# [Work instruction]
Look below for the line with "Женская сумка клатч". Retype it and every line after it to the end, exactly, but leave out the pictures.

# [Recorded data]
___

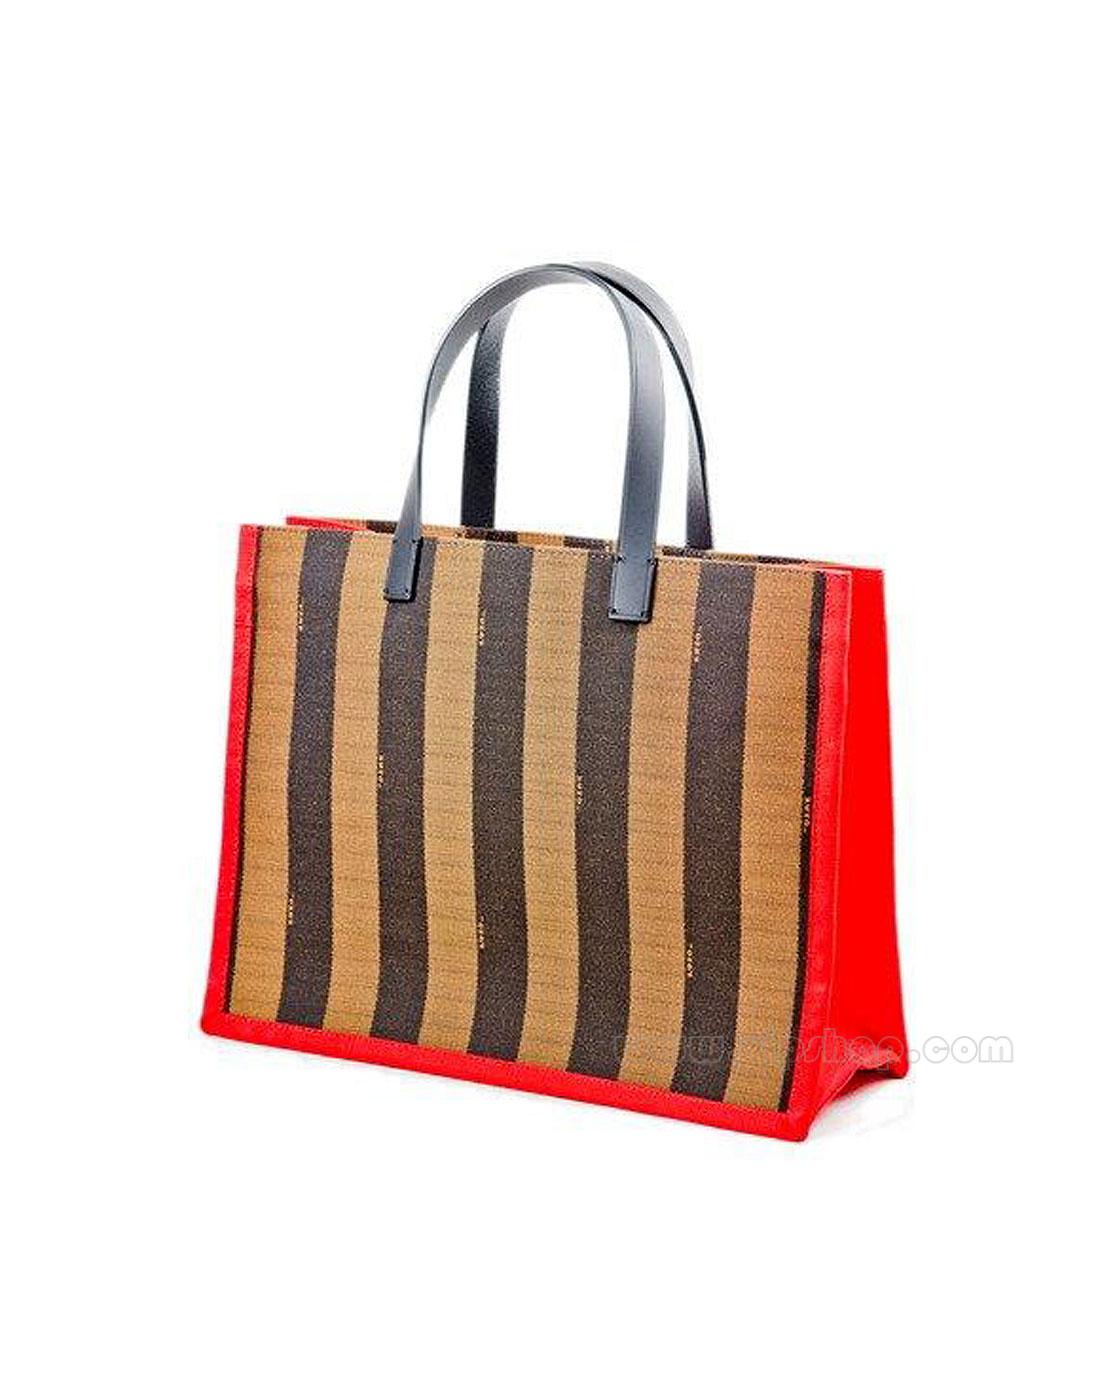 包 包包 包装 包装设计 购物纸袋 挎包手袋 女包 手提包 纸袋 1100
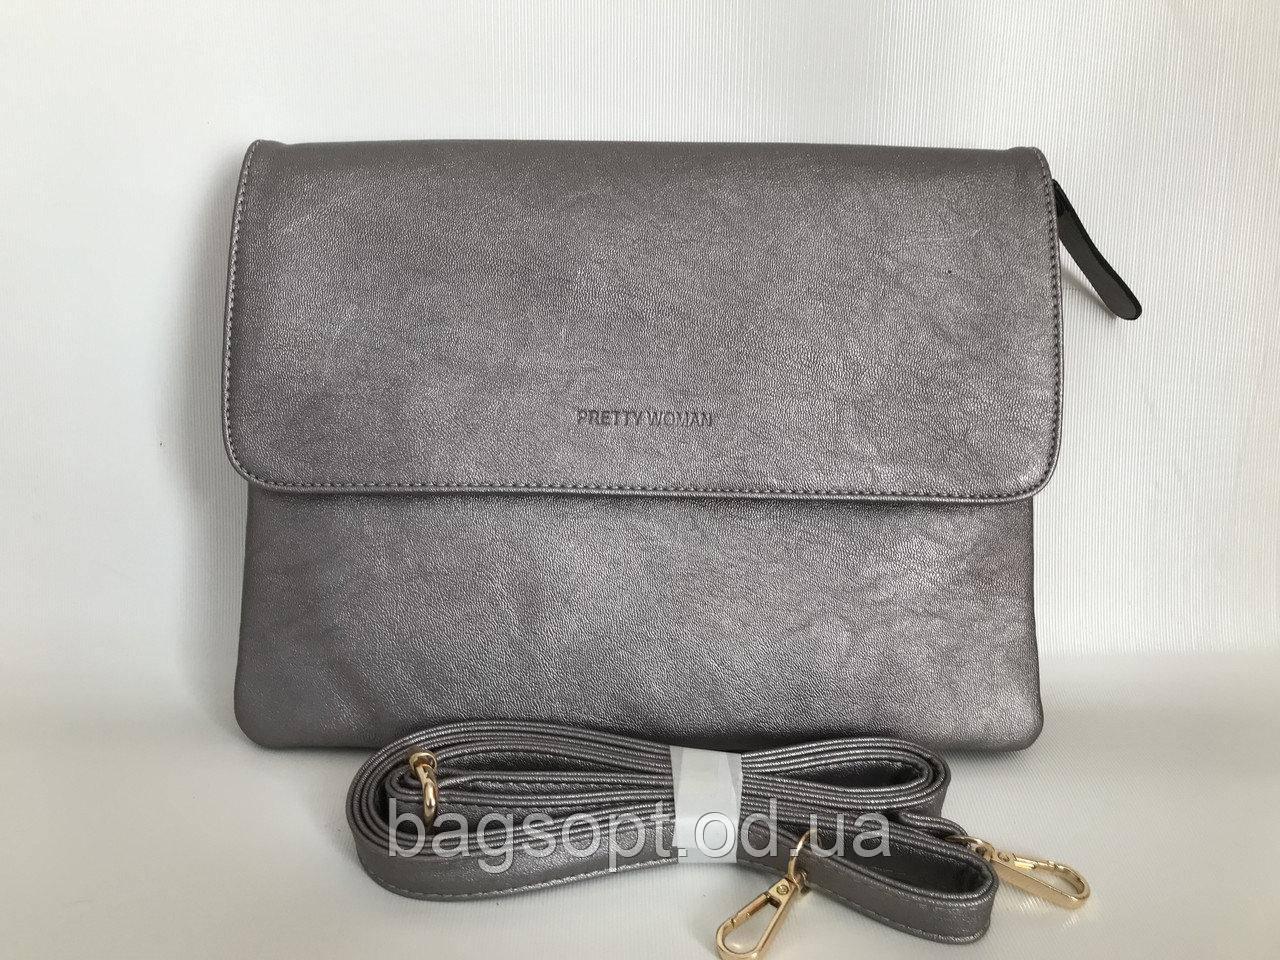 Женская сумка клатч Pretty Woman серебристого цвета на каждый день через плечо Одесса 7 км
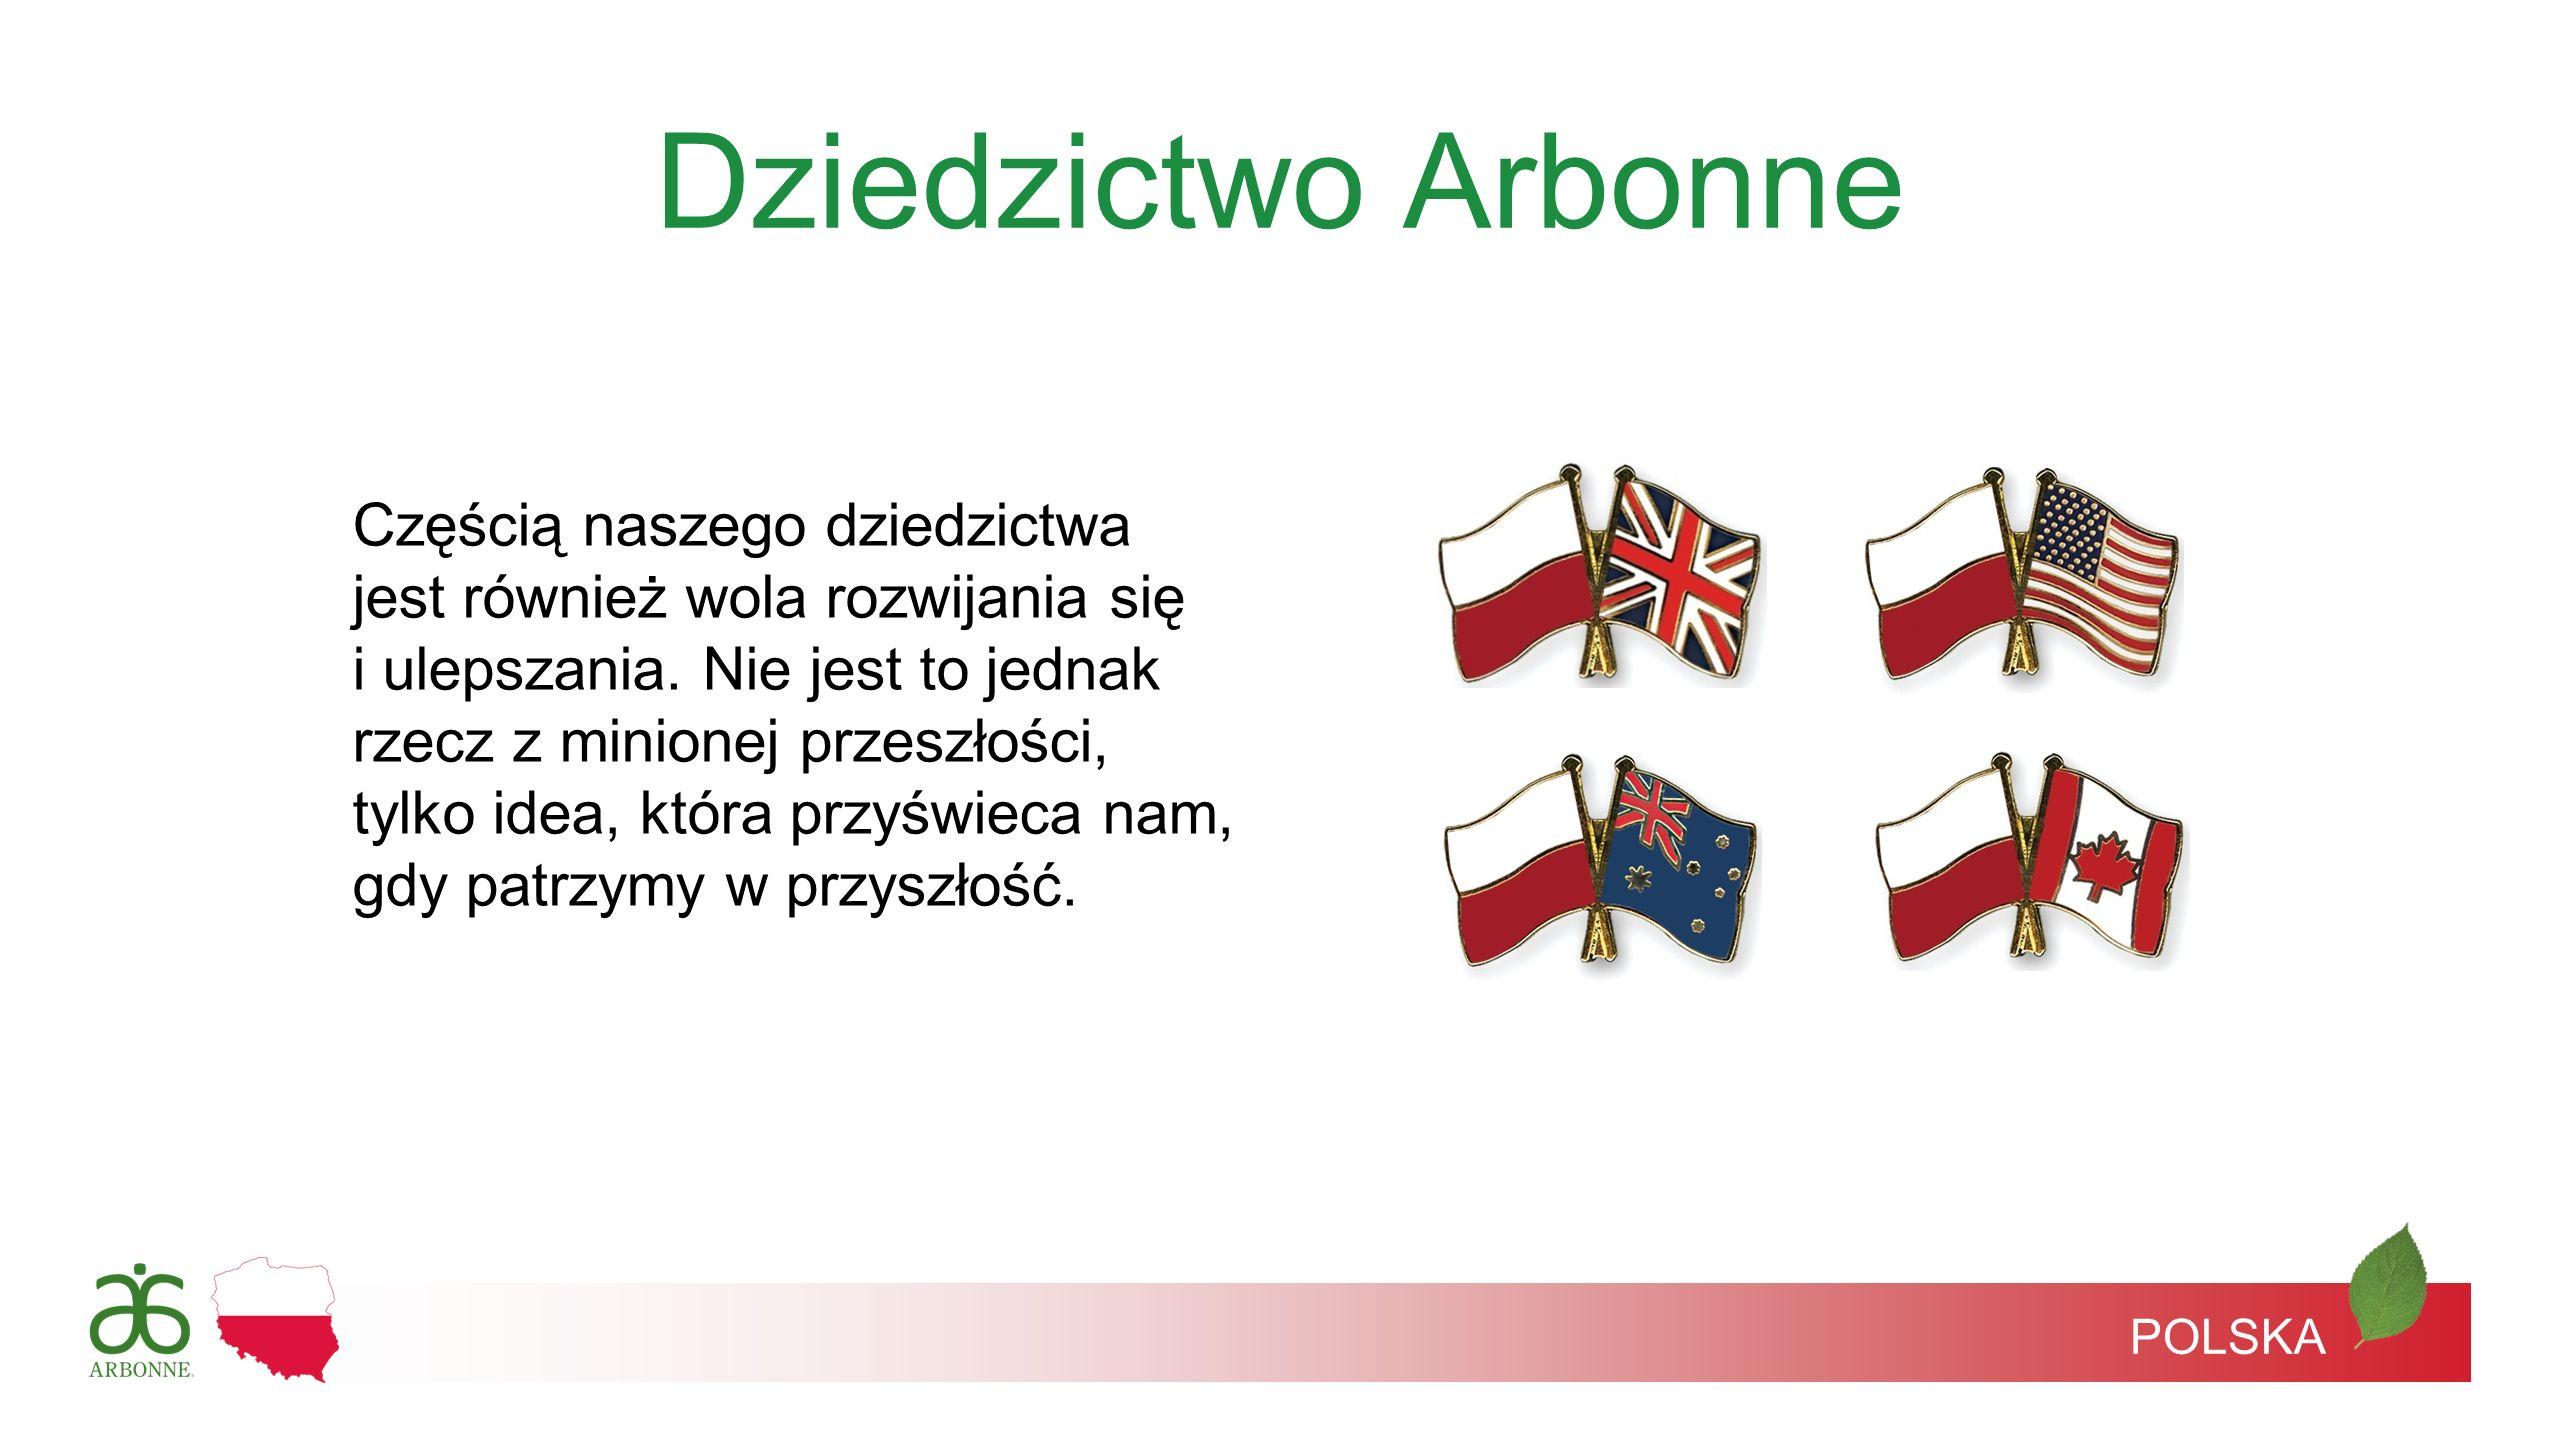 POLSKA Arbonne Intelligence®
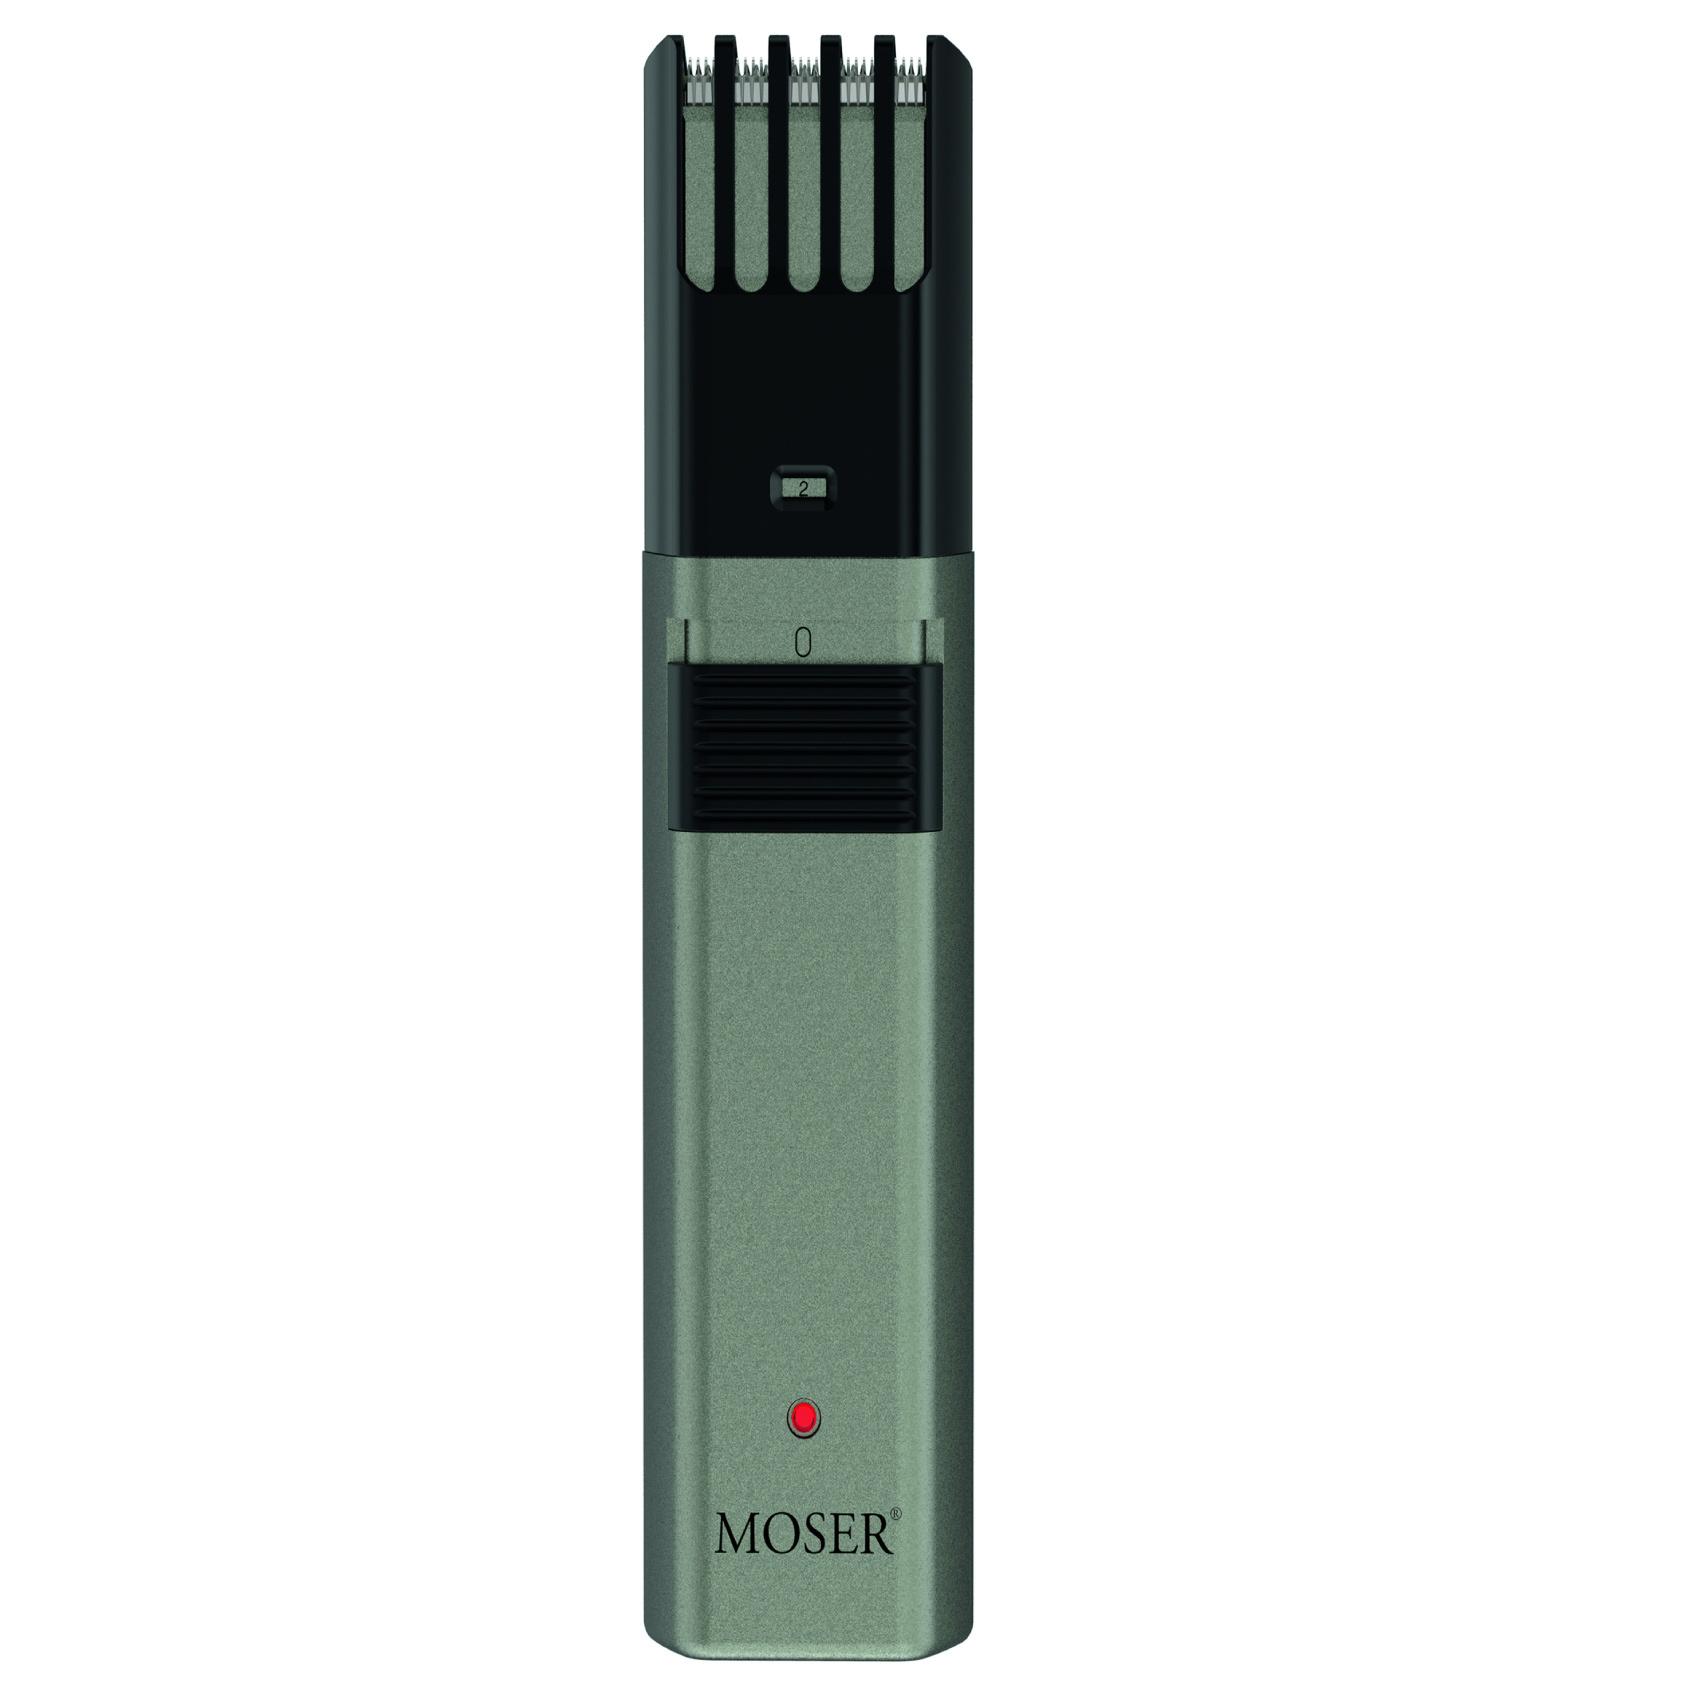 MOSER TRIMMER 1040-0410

___

# [Response]
 Женская сумка клатч Pretty Woman серебристого цвета на каждый день через плечо Одесса 7 км
 POLSKA Arbonne Intelligence®
 MOSER TRIMMER 1040-0410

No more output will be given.